Mr. Affleck, Movies Are Like Start-Ups

September 15, 2010

Last night I was lucky enough to be invited to “The Town” premier at Fenway Park.  I was surrounded by celebrities, sitting within 10 feet of Rebecca Hall, Jon Haam, Blake Lively, Jeremy Renner, Matt Damon, and Ben Affleck… pretty cool!  The movie was great, and the presentation at Fenway made the experience even sweeter.   I’ve been fortunate enough to attend two other movie premiers (“Spider-Man 3” and “The Boondock Saints II”), and each time it becomes more evident that creating a movie is fantastically similar to starting a company.

When starting a business an entrepreneur must find the equilibrium between the team, resources, and opportunity, while using the business plan to bring them all together.  Often the sequence is: entrepreneur identifies the opportunity, validates it with a proof of concept, creates a business plan, builds the best team possible and acquires the needed resources to pull it all off.  This is a very basic outline taken from the Timmons Model for Entrepreneurship.  Repeat entrepreneurs tend to have established relationships and reputations that attract stronger team members and easier access to resources (financial and other).  The process for producing a movie is very similar.

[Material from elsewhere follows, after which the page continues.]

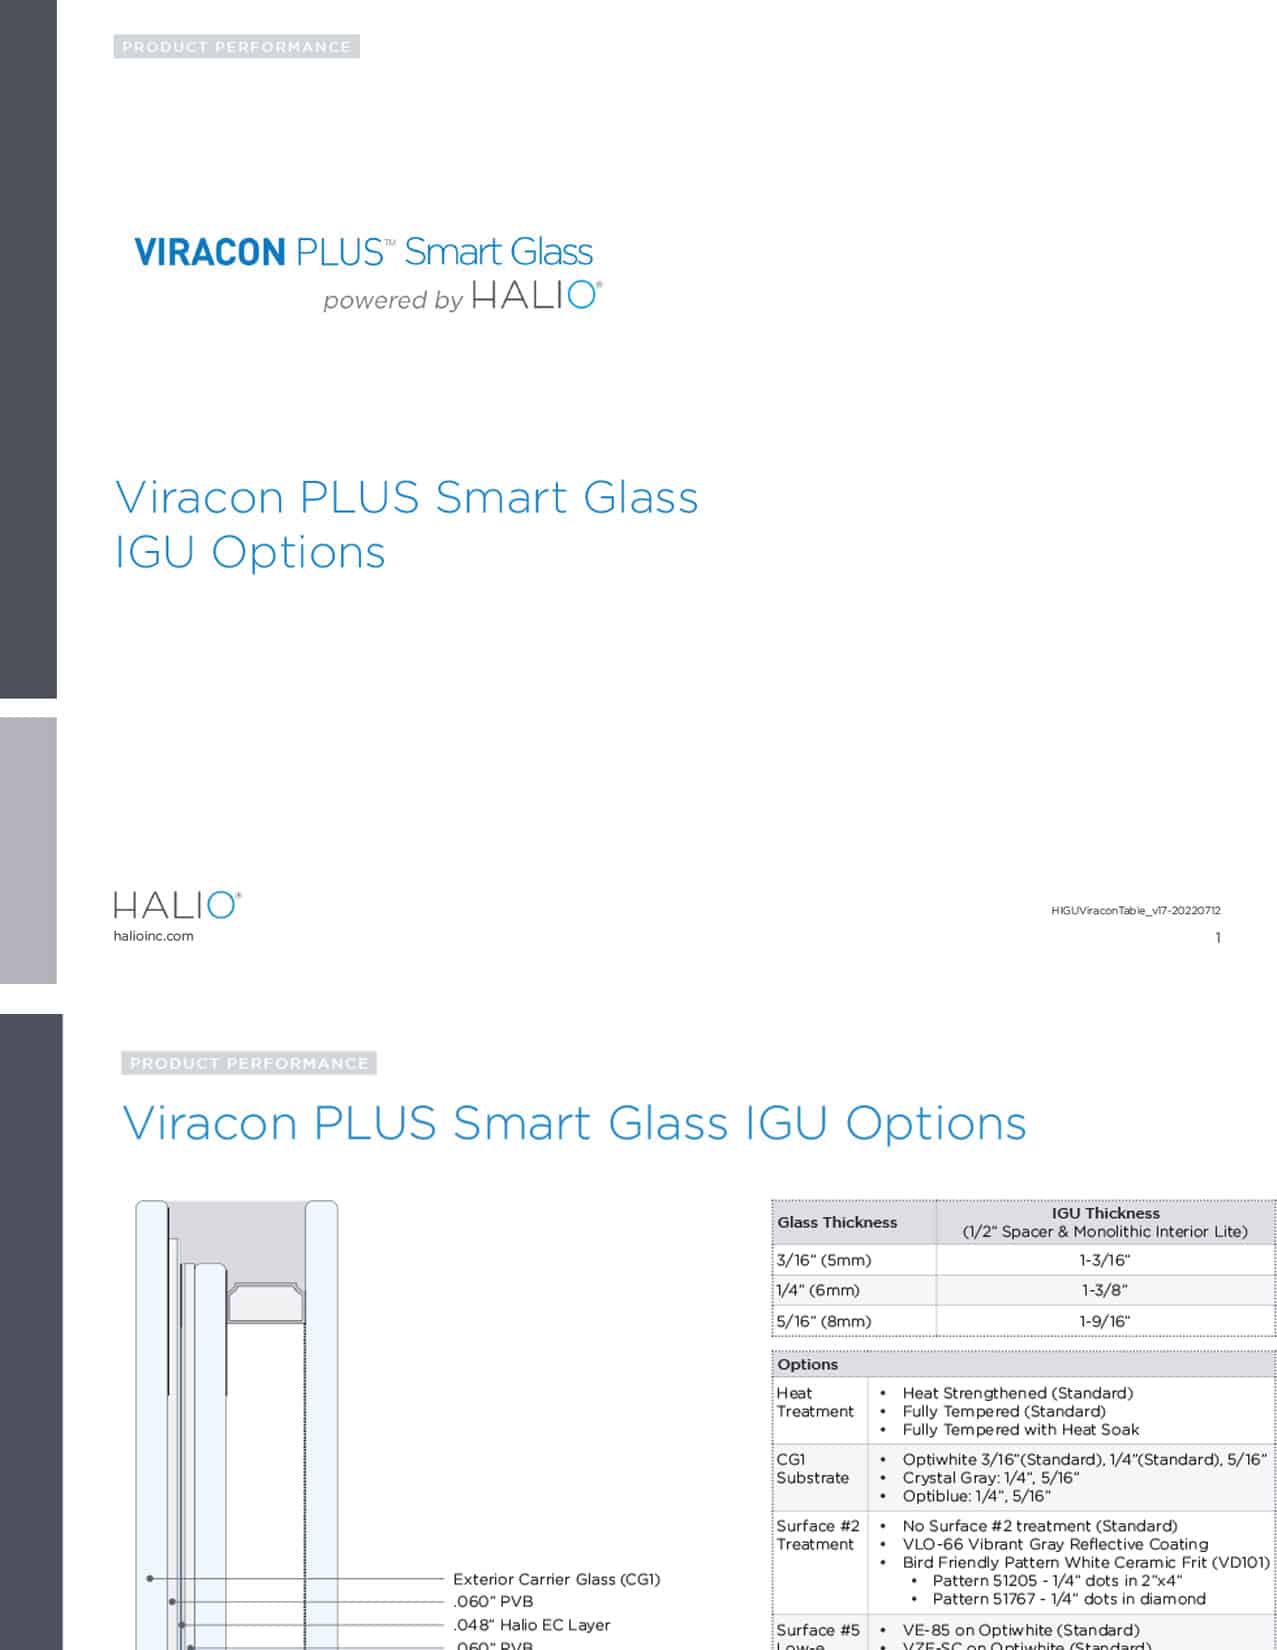 Viracon PLUS Smart Glass IGU Options

Movies always start with an opportunity.  One way to validate an opportunity in the film industry is to examine recent box office numbers for similar types of movies.  Using “The Town” as an example, Boston-based thrillers have been very popular over the past seven years; “Gone Baby Gone” (2007) grossed $35M*, “The Departed” (2006) grossed $290M*, and “Mystic River” (2003) grossed $156M*; being three years removed from the most recent Boston-based thriller the market seems primed for the newest entry.  With an opportunity identified the movie producer (the entrepreneur), must create the script (business plan), to obtain the resources and build a team.  “The Town” had many options for creating a script, but by using a proven concept as an outline, the award-winning novel “Prince of Thieves” by Chuck Hogan (winner of the 2005 Hammett Prize), the risk was lessened.  With an opportunity identified, a script in-hand, and a proof of concept, the producer must build a winning team to acquire the needed resources and make the script into a real live movie (similar to making a business plan into a real working company).  A producer that “attaches” a big Hollywood name to his script will attract other big names (building the team), which attracts resources.  If the producer, or another member of the founding team, is a big name (repeat entrepreneur) then the quality of the team and amount of resources available increases.  Imagine if you used your business plan to attract Bill Gates as a board member of your start-up, think about how easy it would be to build your team and obtain the necessary resources.  The same rings true for “The Town”, with Ben Affleck as a founding member of the team (he wrote the script and directed the film), attracting Blake Lively and Jon Haam (two very popular actors whose names on the billboard will simply attract fans) was not too difficult.  With the all-star talent line-up acquiring the needed resources ($37.5M according to Wikipedia) must have been relatively simple.  Following the sequential path for “The Town”, a seasoned entrepreneur (Ben Affleck), with a tested business plan (script based on an award winning novel), strong team (popular movie stars), and sufficient resources ($37.5M) the business (movie) now exists.

Even though I’ve pled my case that movies are similar to start-ups, bear-in-mind I’ve only examined the most basic elements of the relationship at their earliest stages.  Execution is key.  A business plan outlines the holistic nature of the company, while the script is only one element of the entire film process (which includes marketing, editing, distribution, etc.). I draw the similarities between start-ups and movies by viewing business plans and scripts as entrepreneur and producer’s tools to identify the opportunities, build winning teams, and obtain the necessary resources.  “The Town” was able to build itself in a similar fashion as a business, and like many businesses founded by serial entrepreneurs, I’d bet my money that Ben Affleck hits a homerun with this one!